Uber’s surge pricing has landed the company in hot water on countless occasions.
Most publicly were the company’s arguably tone-deaf response in the lead-up to floods in NYC in fall 2012*, where rates climbed as people tried to get home from work or leave the city. More recently, Uber came under fire (unfairly in my opinion) in San Francisco for what many claimed was profiteering off of a tragic BART fatality and rail service interruption. Large public events like concerts, festivals, and popular holidays have also head to their fare share of incindiary headlines. [*Update: An earlier version of this piece incorrectly attributed the floods incident to Hurricane Sandy.]
So it should come as good news to consumers and consumer protection watchdogs that Uber is being particularly proactive in communicating with its users ahead of the upcoming holiday weekend. In an email sent to Los Angeles customers about an hour ago, the company writes:
As you finalize your weekend plans, keep in mind that tomorrow will be one of those rare evenings when every witch, mummy and Miley look-alike wants to leave at exactly the same time.
We’re always committed to providing reliable rides, even on Halloween. Here are some tips to make sure your All Hallows’ Eve is full of treats.
- Get a fare estimate. No surprises — estimate your fare in the Uber app before requesting a ride.
- Split your fare. Share the cost with your friends in the car.
- We’ll let you know when demand has settled. Send yourself a notification after you select your desired pickup location.
- Lose your wand, tail or wings? Don’t stress. If you leave something in an Uber, get in touch with your driver at riders.uber.com/lost.
You can be a million different things tomorrow night — we want to make sure “someone with a safe, reliable ride home” is one of them.
Even if most regular Uber users are aware of the above product features, holidays tend to draw out new and irregular users, exactly the kind that can wind up “surprised” after receiving a receipt after a several hundred dollar fare. In that sense, Uber is wise to preempt these complaints with the above reminder and tutorial.
The company has also increased its in-app user-interface clues to alert, even the most inebriated users, that the upcoming ride will carry surge pricing rates – a necessary change driven by one too many critical headlines, and subsequent refunded fares.
Lyft, on the other hand, which is Uber’s biggest competitor (other than traditional taxis and the various apps that summon them), has yet to send any similar Halloween-focused heads up. That said, Lyft, which is considerably smaller, has been less of a target for “Surge” or “Prime Time” pricing critics. We’ll see if that pattern holds true or whether the pink mustachioed company will face a similar backlash tomorrow or during upcoming periods of high-demand.
As I’ve written previously:
…as Uber [and Lyft have] always explained, surge pricing exists for the specific purpose of incentivizing more drivers onto the road to deal with times of increased demand. Surely the demand in and around Palo Alto was at unprecedented levels, those which a standard Wednesday evening crew of drivers would struggle to meet. By contrast, traditional cabs have no way to incentivize additional drivers onto the road, and while dispatch may be able to call off-duty drivers and ask them to clock in, there’s no mechanism to provide financial incentives for them to do so. So while unsightly, the surge in this case likely served its purpose.

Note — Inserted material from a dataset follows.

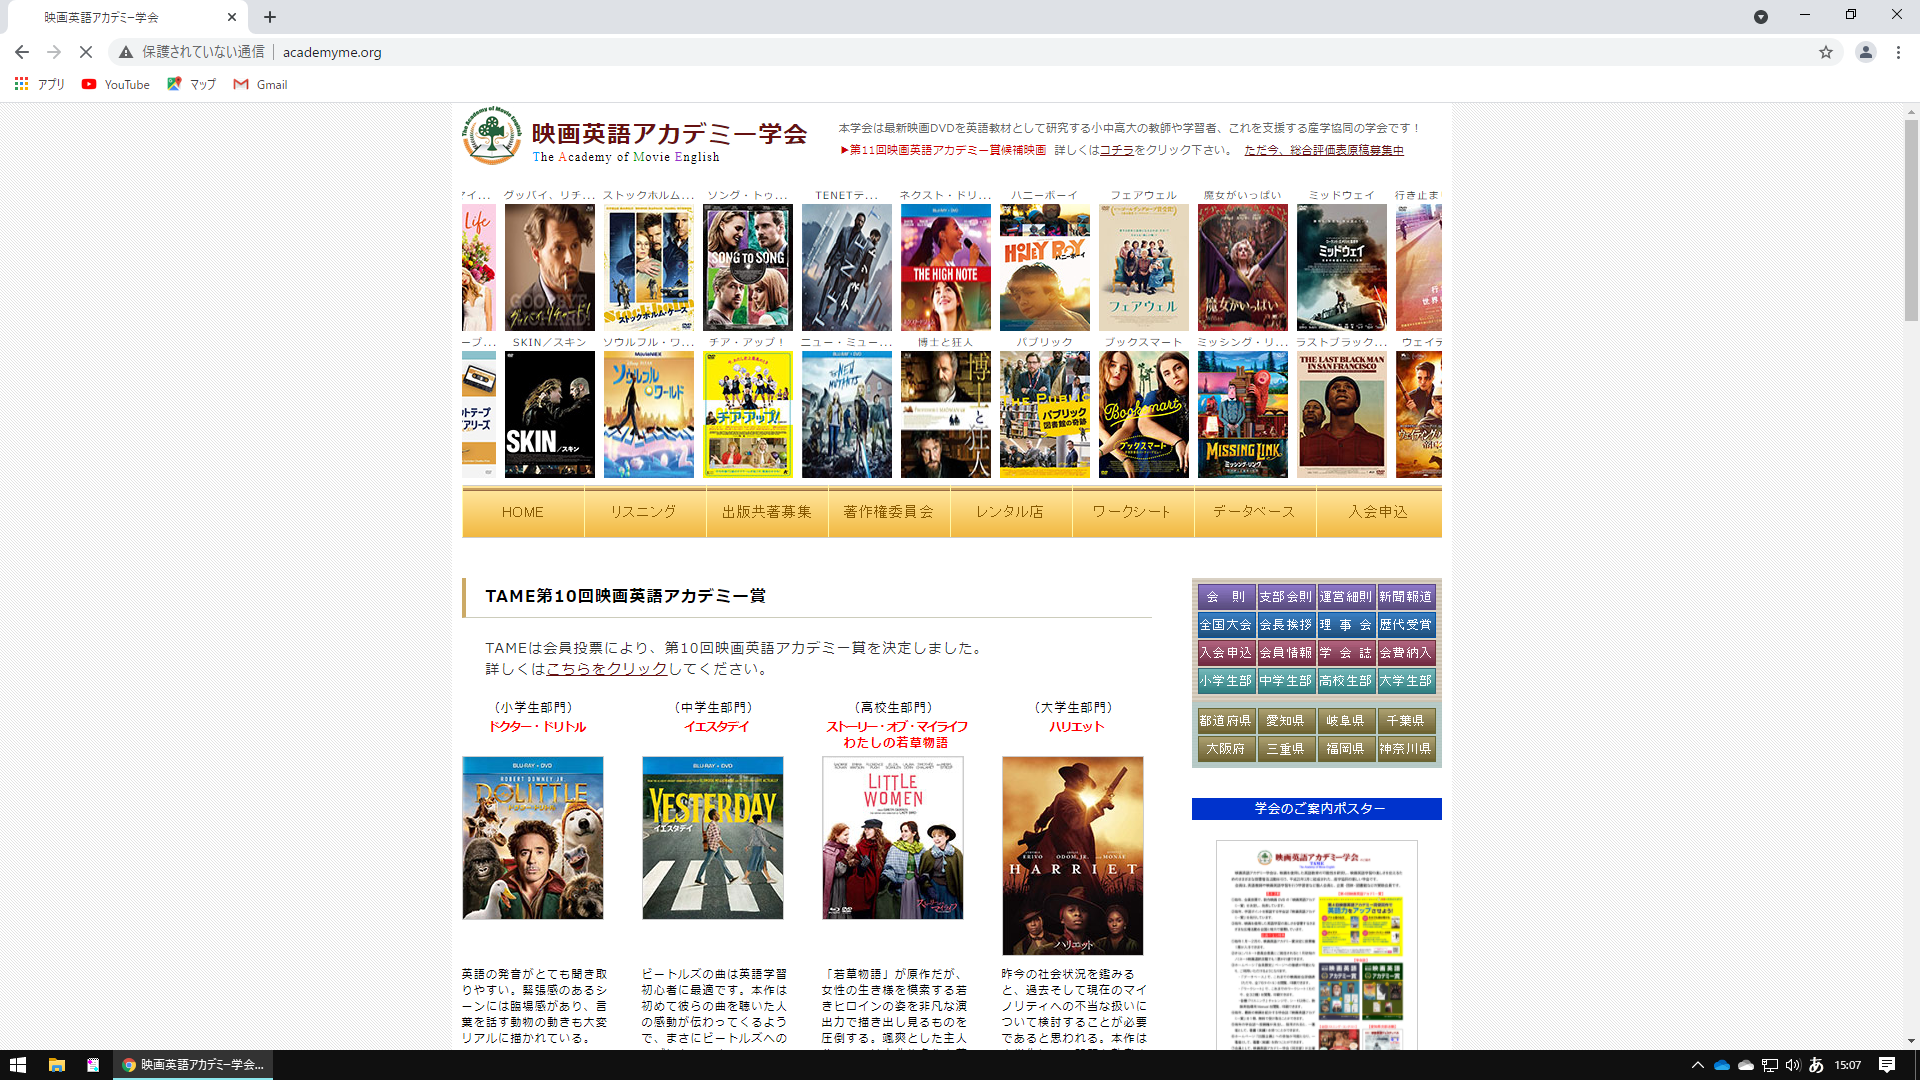 TAME 映画英語アカデミー学会のホームページ画像

As with most situations of this type, where Uber [and Lyft run] into trouble is in the communication and transparency around [their] actions.
Hopefully for Uber and its riders’ sakes, this weekend will go smoothly, and provide another example of how the company can deliver a truly disruptive service, while respecting its customers (and the laws of the land). No doubt several someones will still wake up with sticker shock at the bill for their late night ride home from that costume party, punctuated, of course, by a trip through the Jack In The Box drive through. But at least Uber will be able to point to this email and say, “We warned you.”